There are pictures in the records below; leave them out and set down exactly the lines from the one holding "SAPICS Spring Conference banner" through the one holding "Best Mellow Jazz".

** Material for this task follows **

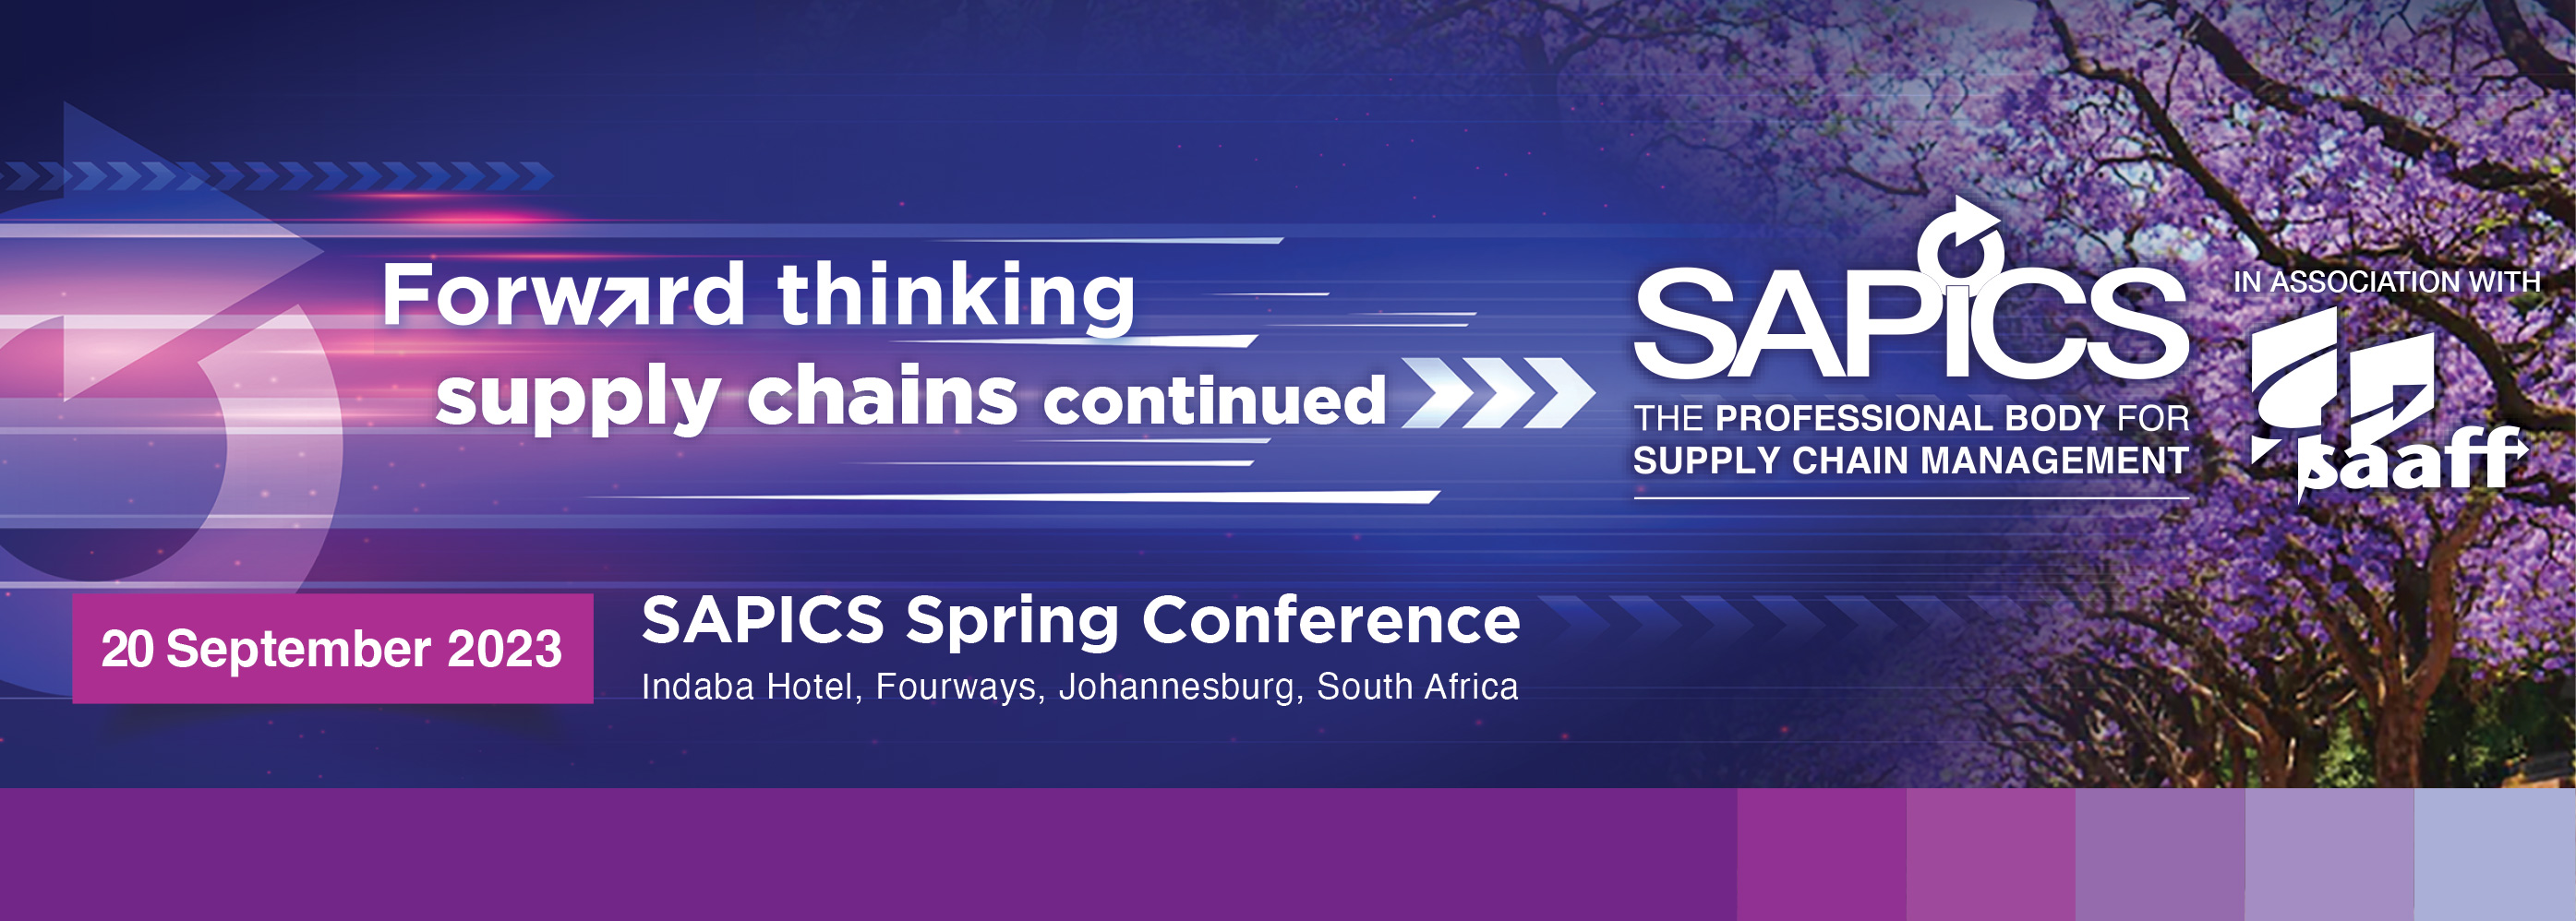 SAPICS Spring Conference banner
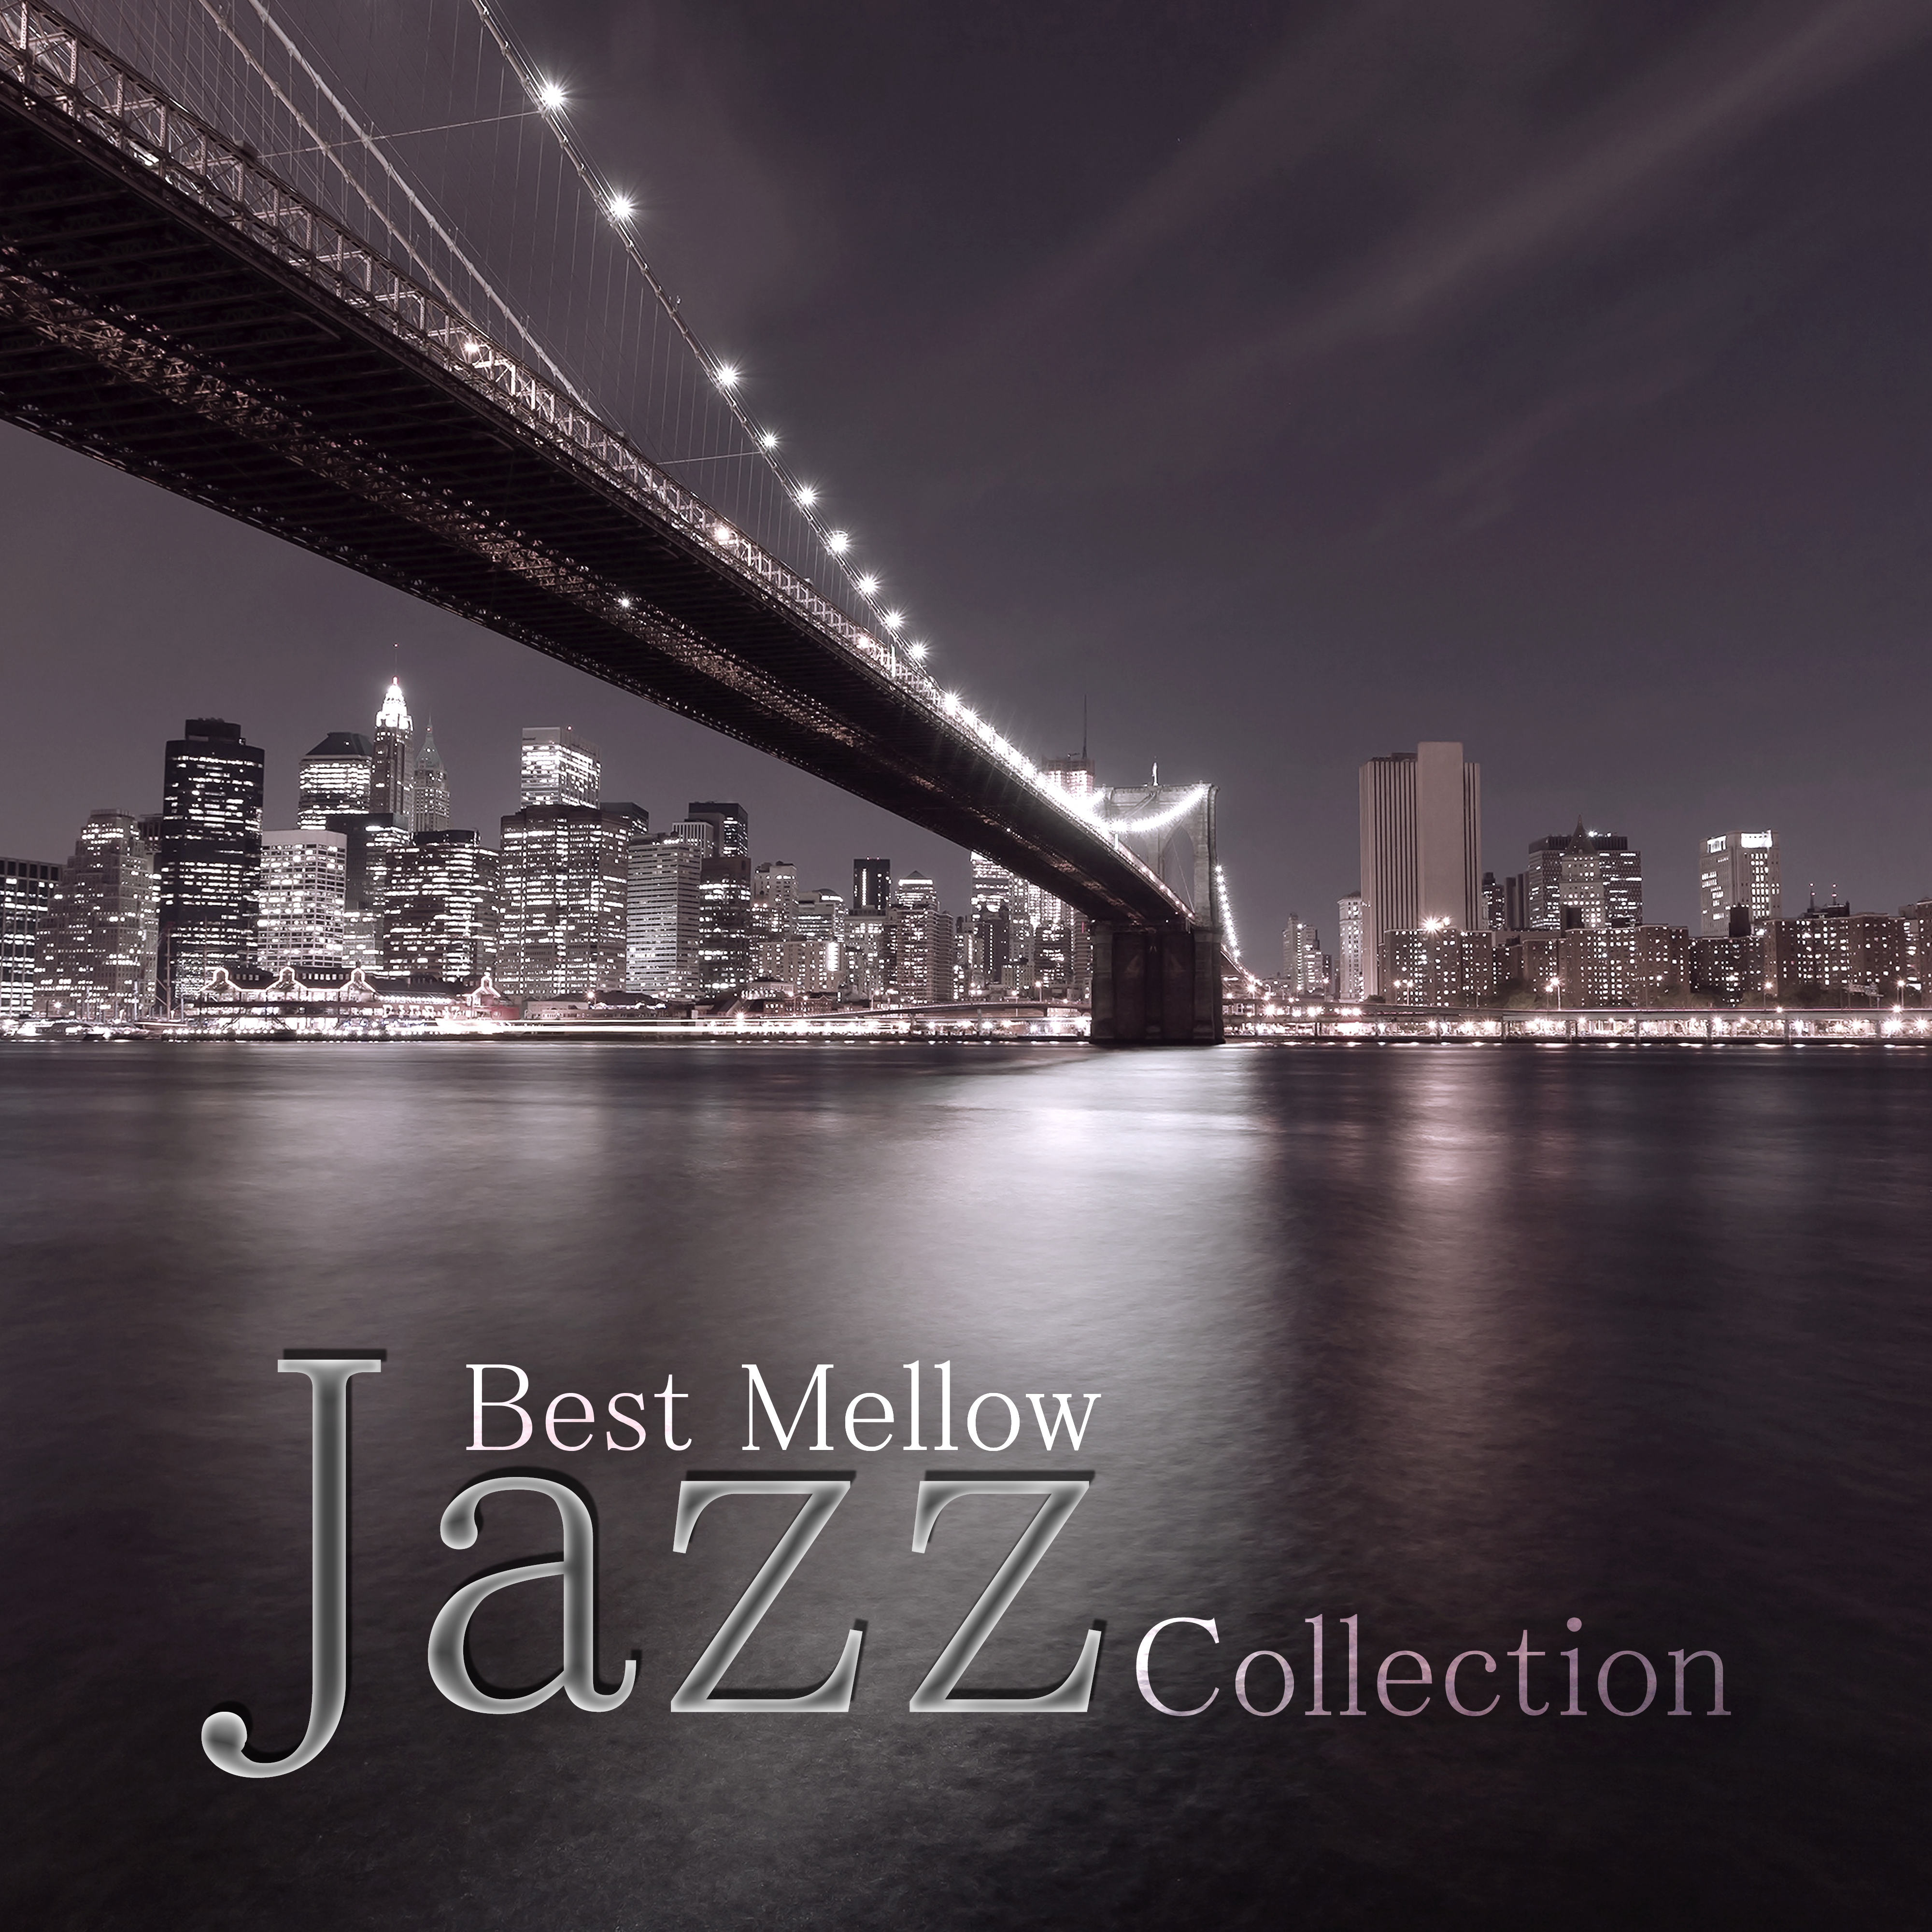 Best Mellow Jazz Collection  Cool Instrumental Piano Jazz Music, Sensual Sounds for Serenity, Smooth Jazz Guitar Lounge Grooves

** End of Material for this task **
** Material for this task follows **

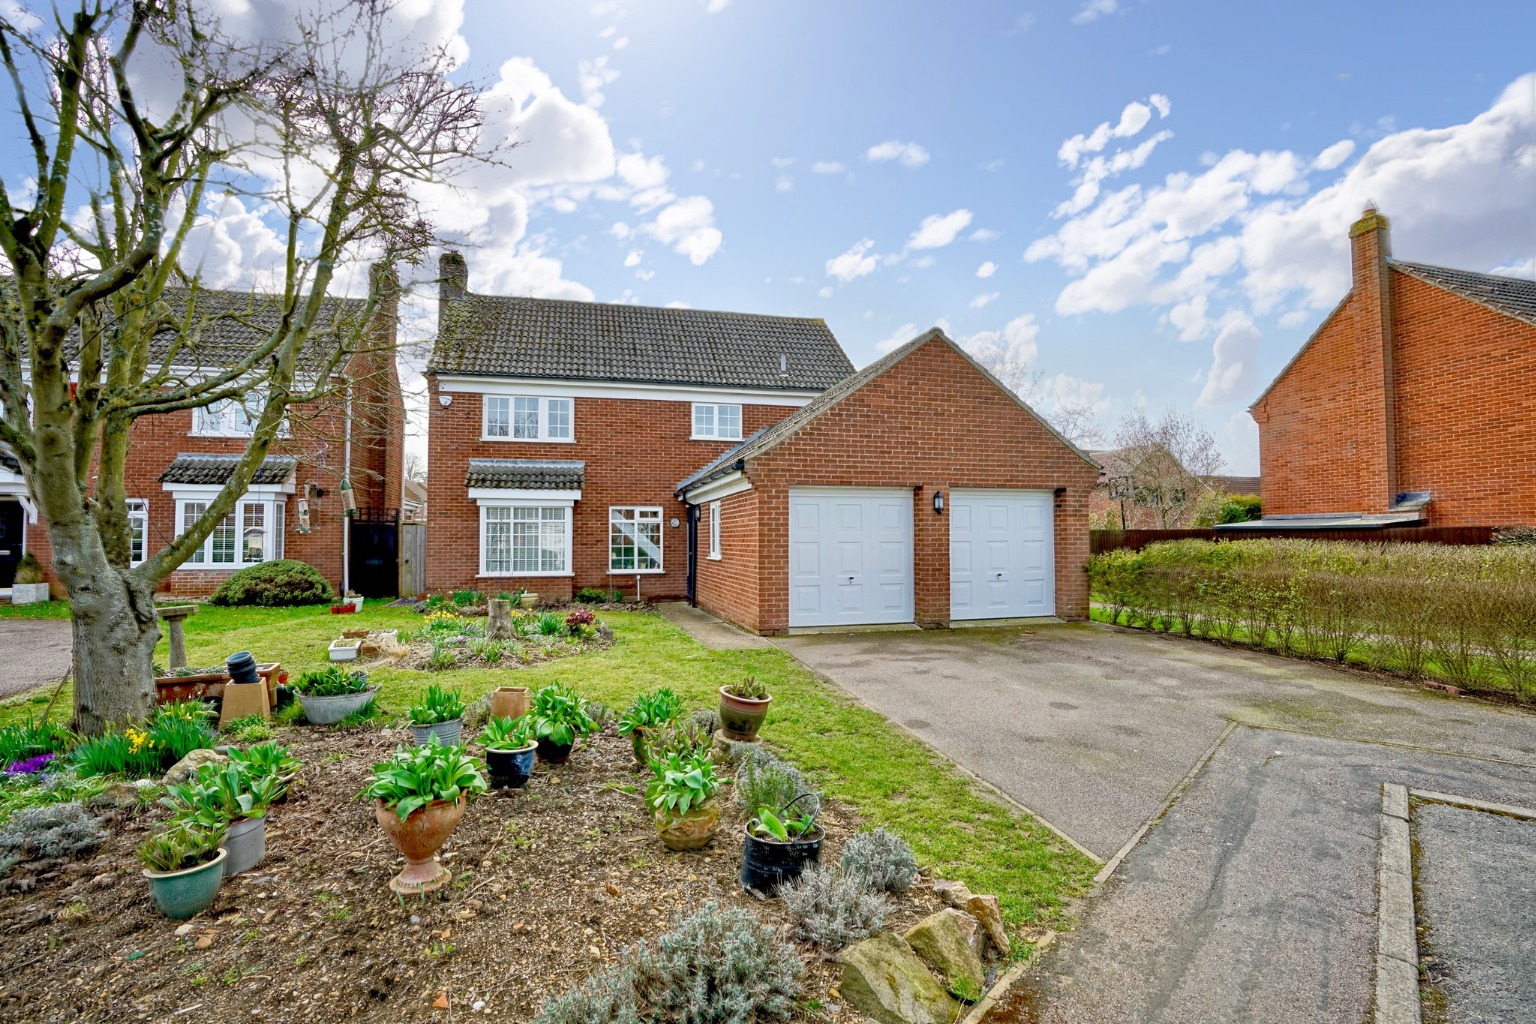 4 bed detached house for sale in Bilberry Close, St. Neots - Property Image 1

** End of Material for this task **
** Material for this task follows **

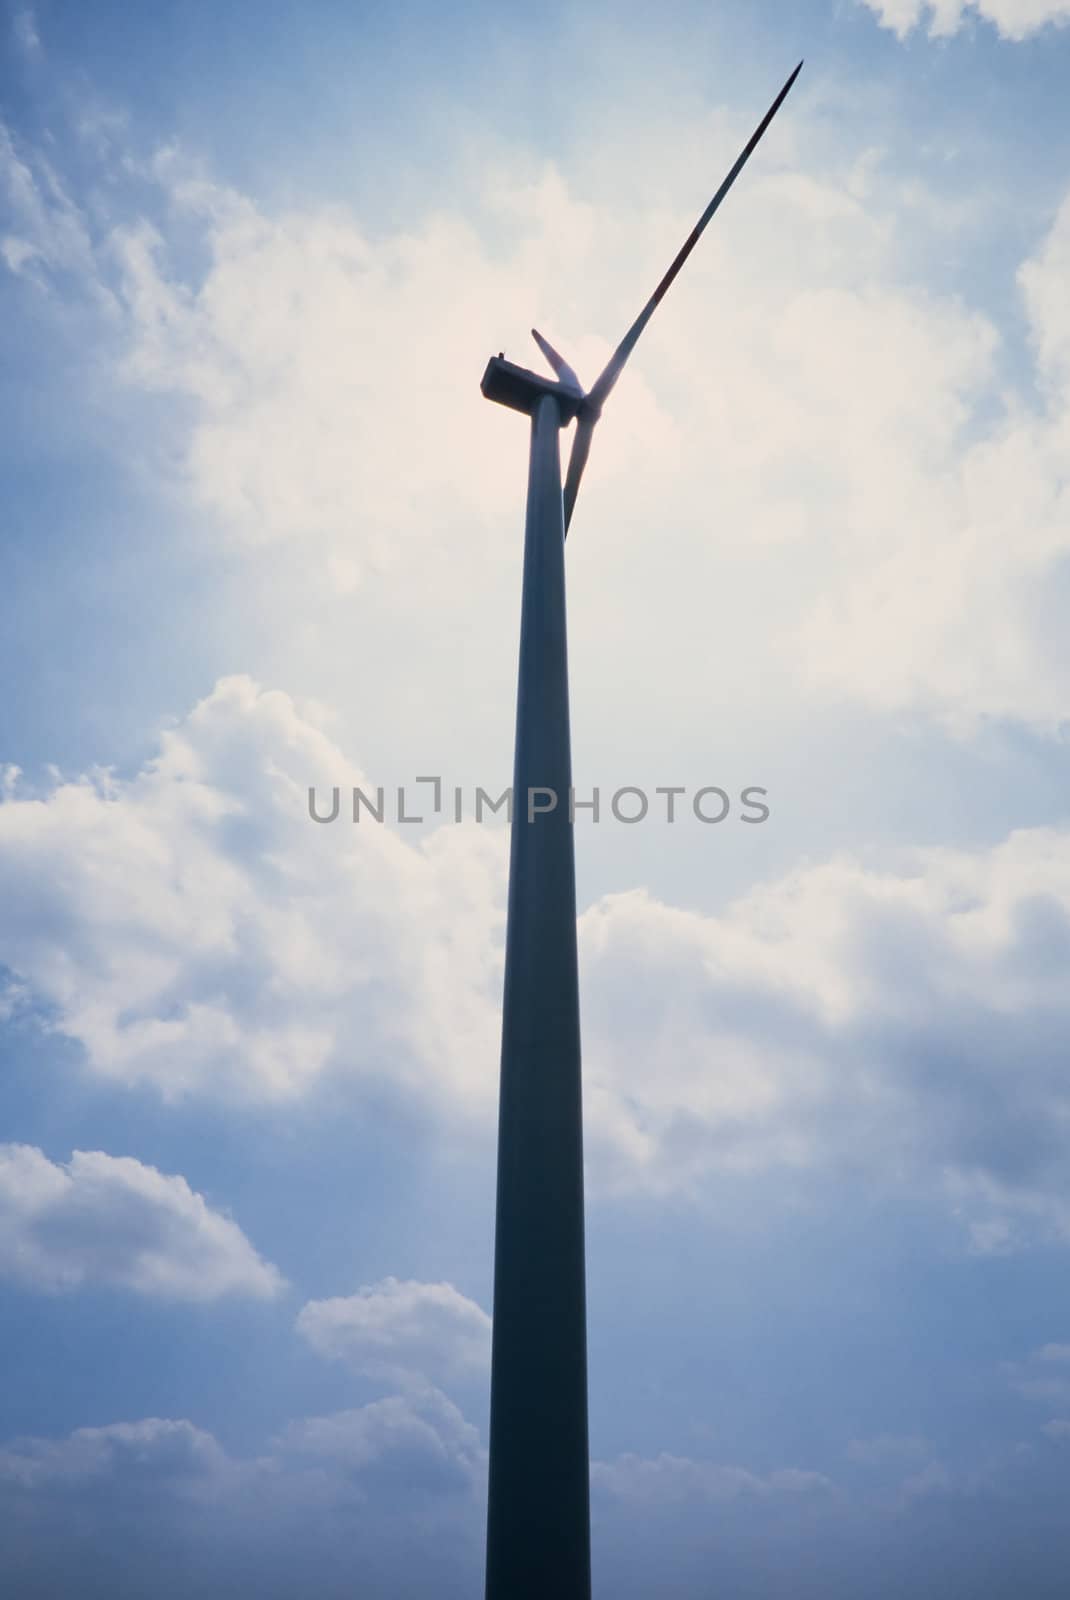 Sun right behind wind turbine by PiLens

** End of Material for this task **

### Written answer
 SAPICS Spring Conference banner
 Best Mellow Jazz Collection  Cool Instrumental Piano Jazz Music, Sensual Sounds for Serenity, Smooth Jazz Guitar Lounge Grooves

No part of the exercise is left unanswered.